In questa strofa l'attenzione è rivolta al portiere sconfitto che, dopo essersi slanciato in un'ultima inutile difesa, nasconde per la rabbia e l'umiliazione la faccia a terra che viene messa in evidenza dall'enjambement che collega i versi due e tre (contro terra cela/ la faccia). Tra le figure di significato è presente una sinestesia (amara luce) ed è anche importante l'iperbato al verso 6 (scopre pieni di lacrime i suoi occhi) mettendo in evidenza il dolore del portiere sconfitto. Il portiere caduto alla difesa ultima vana, contro terra cela la faccia, a non veder l’amara luce. Il compagno in ginocchio che l’induce con parole e con mano, a rilevarsi, scopre pieni di lacrime i suoi occhi.

Nella seconda strofa l'attenzione viene invece rivolta alla folla la cui ebbrezza sembra traboccare nel campo. Il testo è un inversione con la presenza di un'anastrofe (intorno al vincitore stanno al suo collo si gettano i fratelli) e un iperbato al verso 4. Il poeta per rendere evidenti i sentimenti contrapposti delle due squadre si serve di un'antitesi (a quanti l'odio consuma e l'amore è dato). La folla- unita ebrezza - par trabocchi nel campo. Intorno al vincitore stanno, al suo collo si gettano i fratelli. Pochi momenti come questo belli, a quanti l’odio consuma e l’amore, è dato, sotto il cielo, di vedere.

Presso la rete inviolata il portiere - l’altro - è rimasto Presso la rete inviolata il portiere - l’altro - è rimasto.
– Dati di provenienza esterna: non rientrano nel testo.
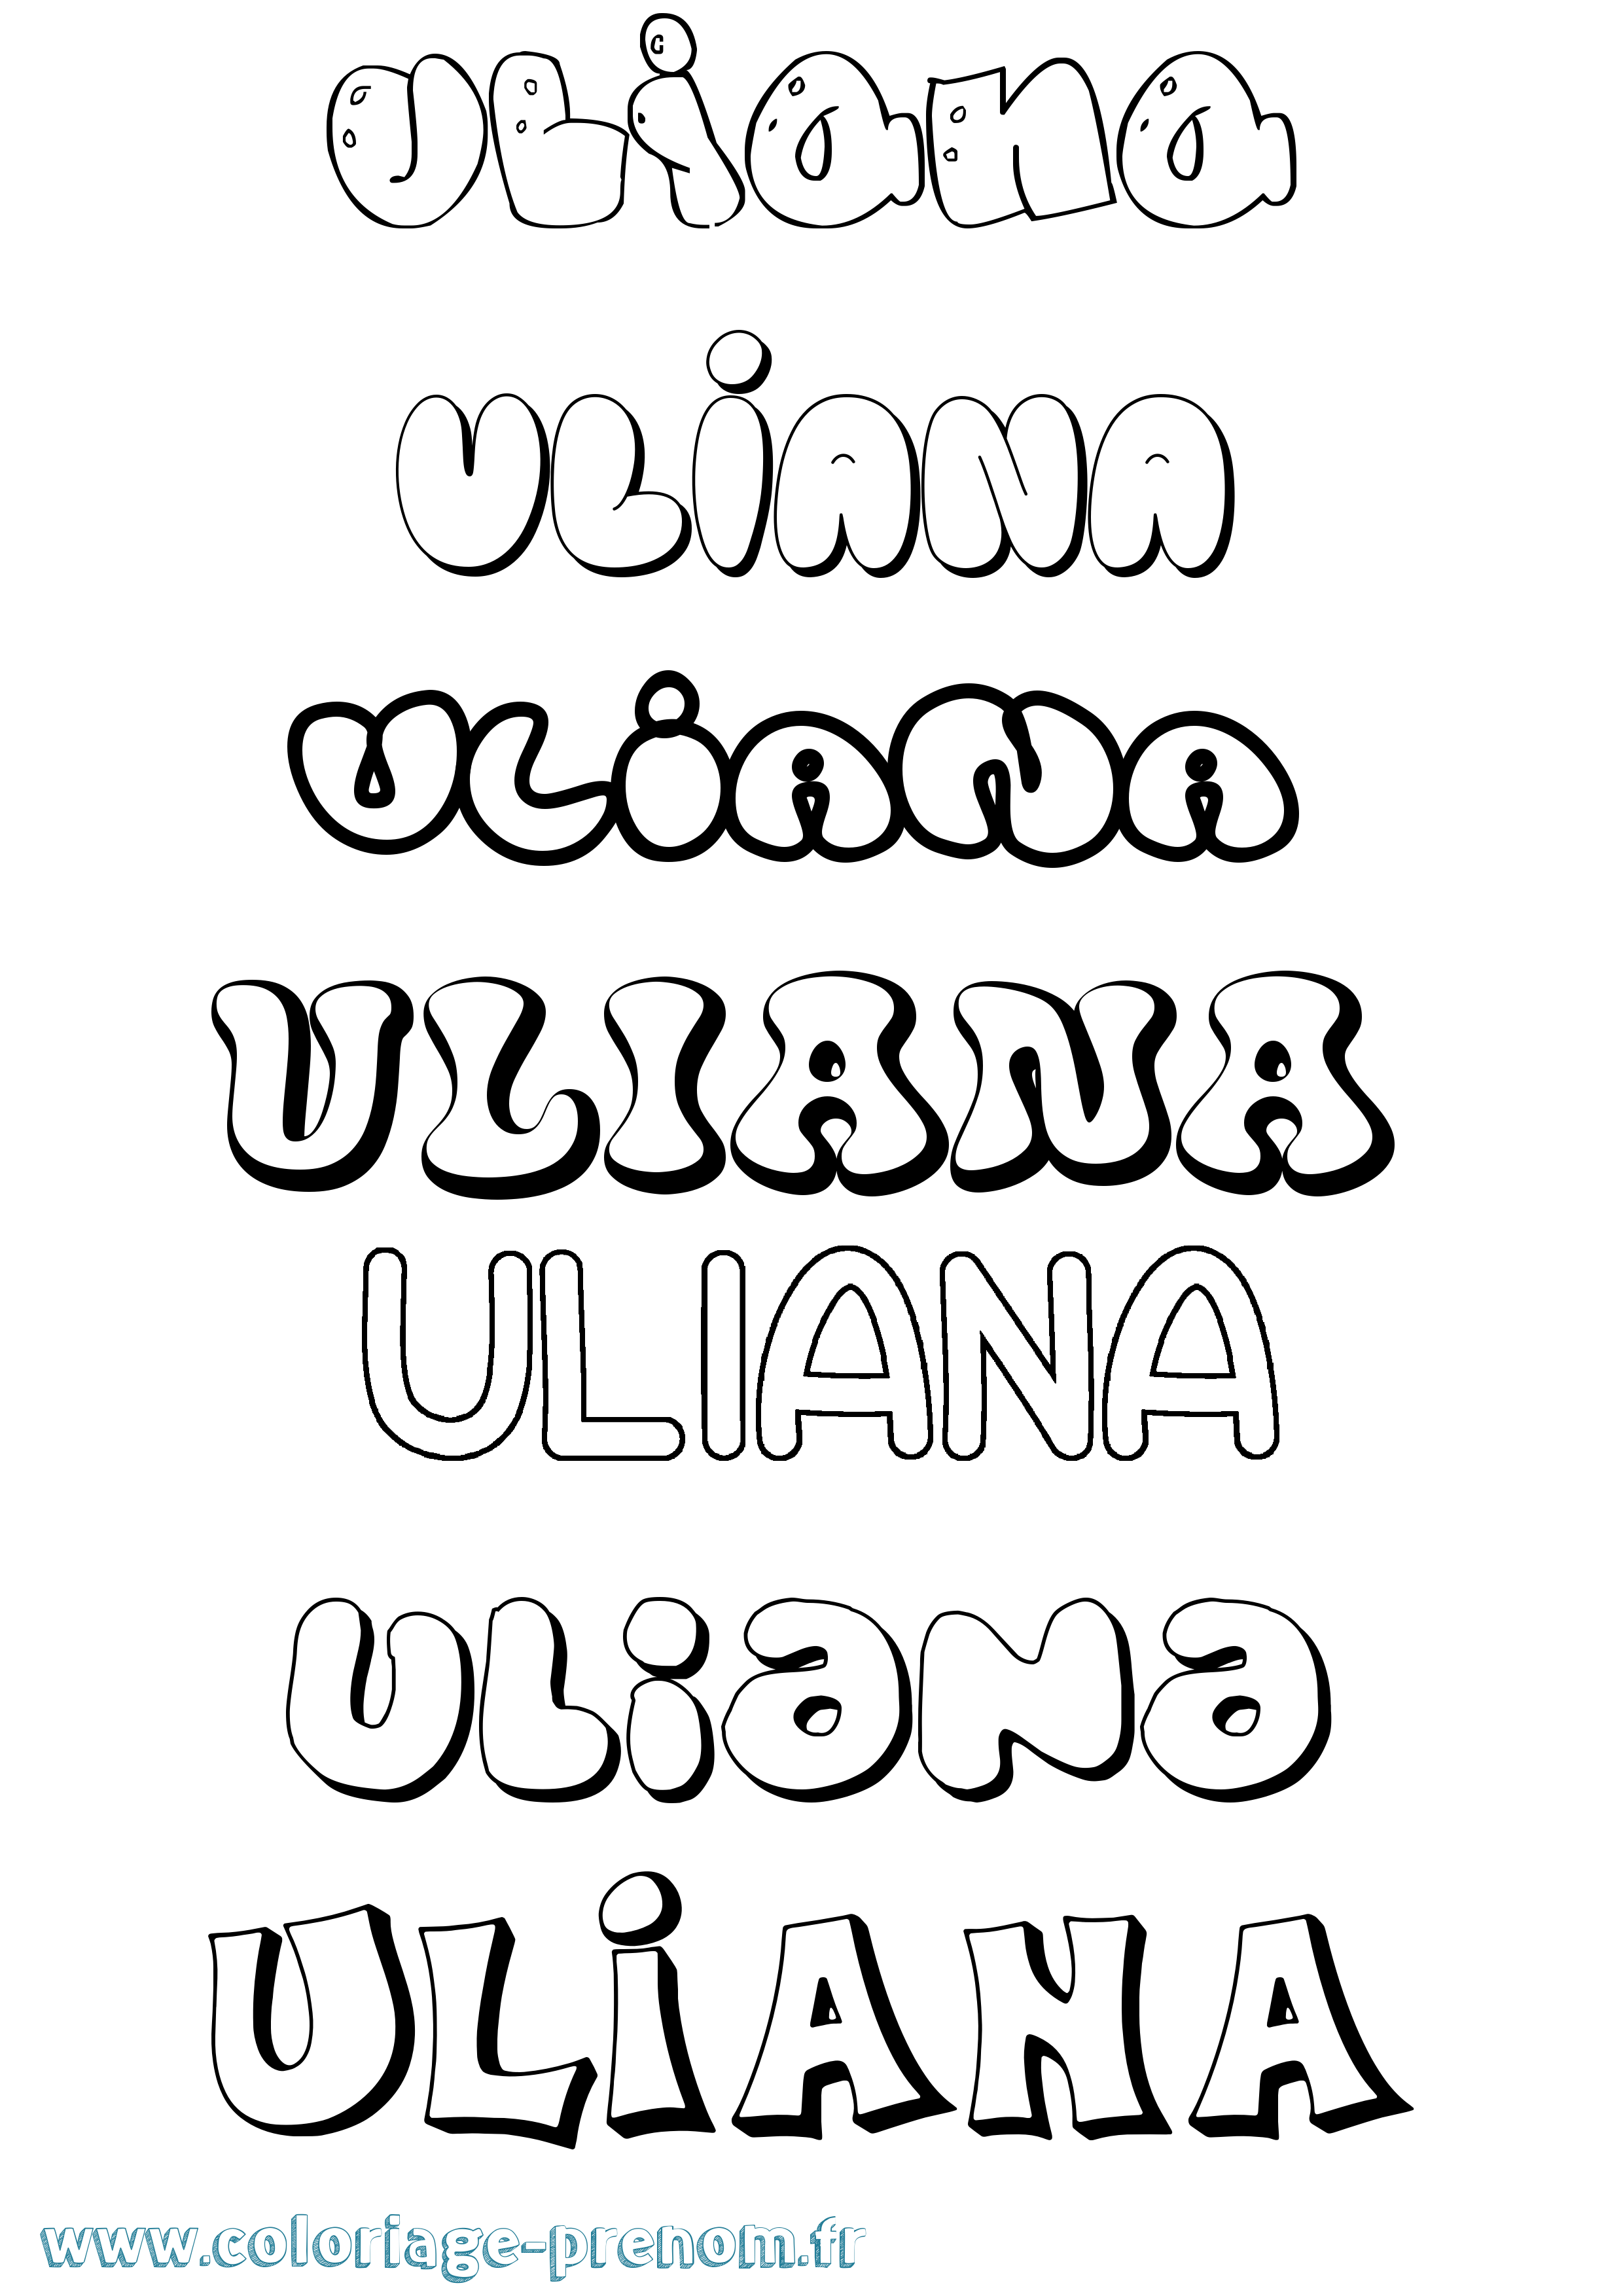 Coloriage prénom Uliana Bubble

Ma non la sua anima, con la persona vi è rimasta sola. La sua gioia si fa una capriola, si fa baci che manda di lontano. Della festa - egli dice - anch’io son parte. La terza strofa inizia con un’ anastrofe (presso la rete inviolata il portiere-l'altro-è rimasto). La gioia viene espressa con un rapporto analogico nel verso 16 (la sua gioia si fa una capriola), e la lirica si conclude con un iperbato (della festa egli dice anch'io son parte).
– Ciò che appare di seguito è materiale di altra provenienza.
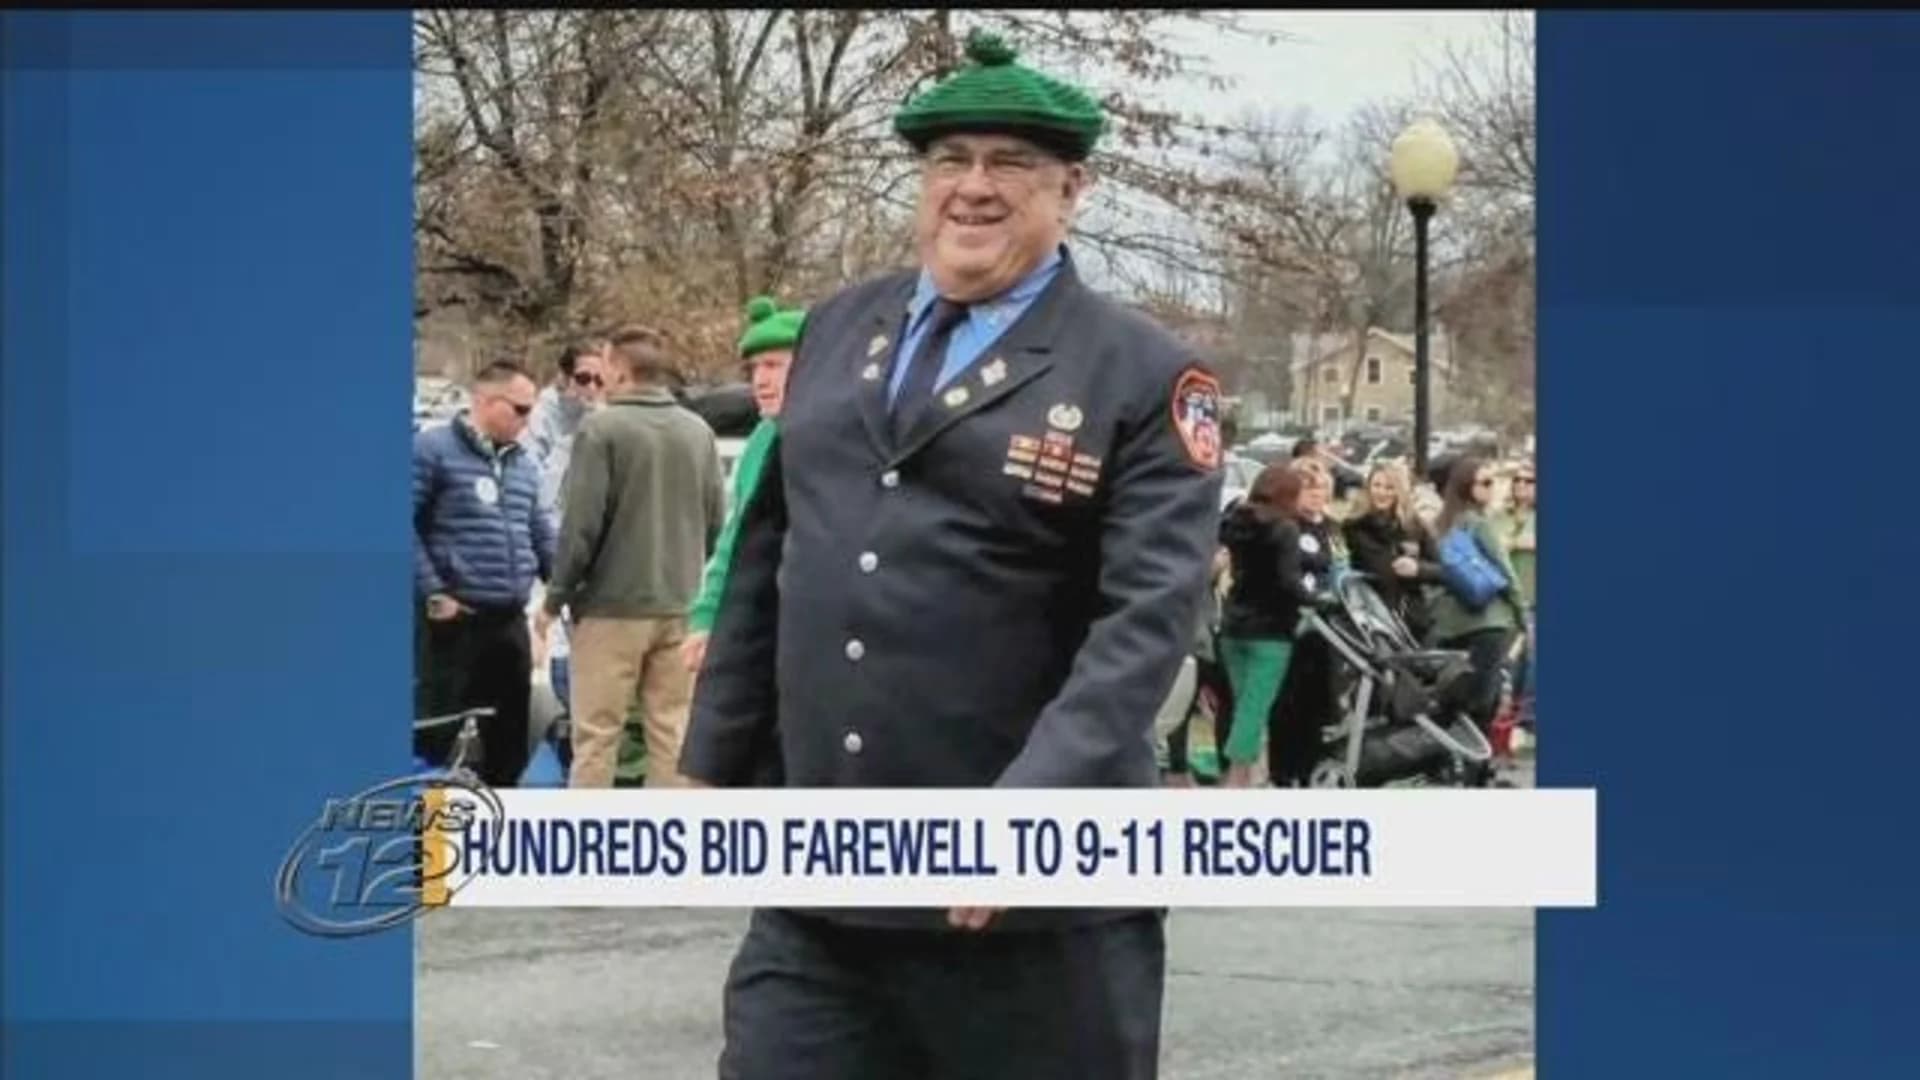 Loved ones honor fallen FDNY firefighter

STORIA… Riconosciuto da Mussolini come “gioco fascista” il calcio fu usato dal regime quale strumento per la costruzione di un’identità nazionale e arma diplomatica per imporre l’Italia alla ribalta della scena internazionale. Non è un caso che proprio gli anni ’30 segnarono il trionfo del calcio italiano.   Nel periodo tra le due guerre, grazie ai mezzi di comunicazione di massa – stampa, cinema e radio – lo sport divenne il terreno sul quale potevano essere idealizzate le tensioni tra i gruppi e le nazioni, che si affrontavano in scontri simbolici sui campi di calcio o di rugby. Le competizioni sportive internazionali diventarono così l’occasione per diffondere sentimenti nazionali anche tra individui scarsamente interessati alla vita politica: il semplice tifoso, identificandosi con gli atleti che rappresentavano il suo paese, diventava egli stesso un simbolo della propria nazione. Nel clima confuso e disorientato degli anni in mezzo alle due guerre, caratterizzati da una grave crisi economica mondiale e da un diffuso timore nei confronti della modernizzazione della società, lo sport acquistò rilievo come valore sociale e il campione sportivo diventò un modello da imitare. Inoltre lo sport si prestava a sviluppi propagandistici in senso nazionalistico e militaristico, consentendo l’esaltazione della giovinezza, della prestanza fisica, della razza. La stampa sportiva, dichiaratamente fascista, arrivò ad affermare nel 1940, un mese prima dell’entrata in guerra dell’Italia, che “lo sport è un’arma. È un modo di essere e di divenire di un popolo guerriero”.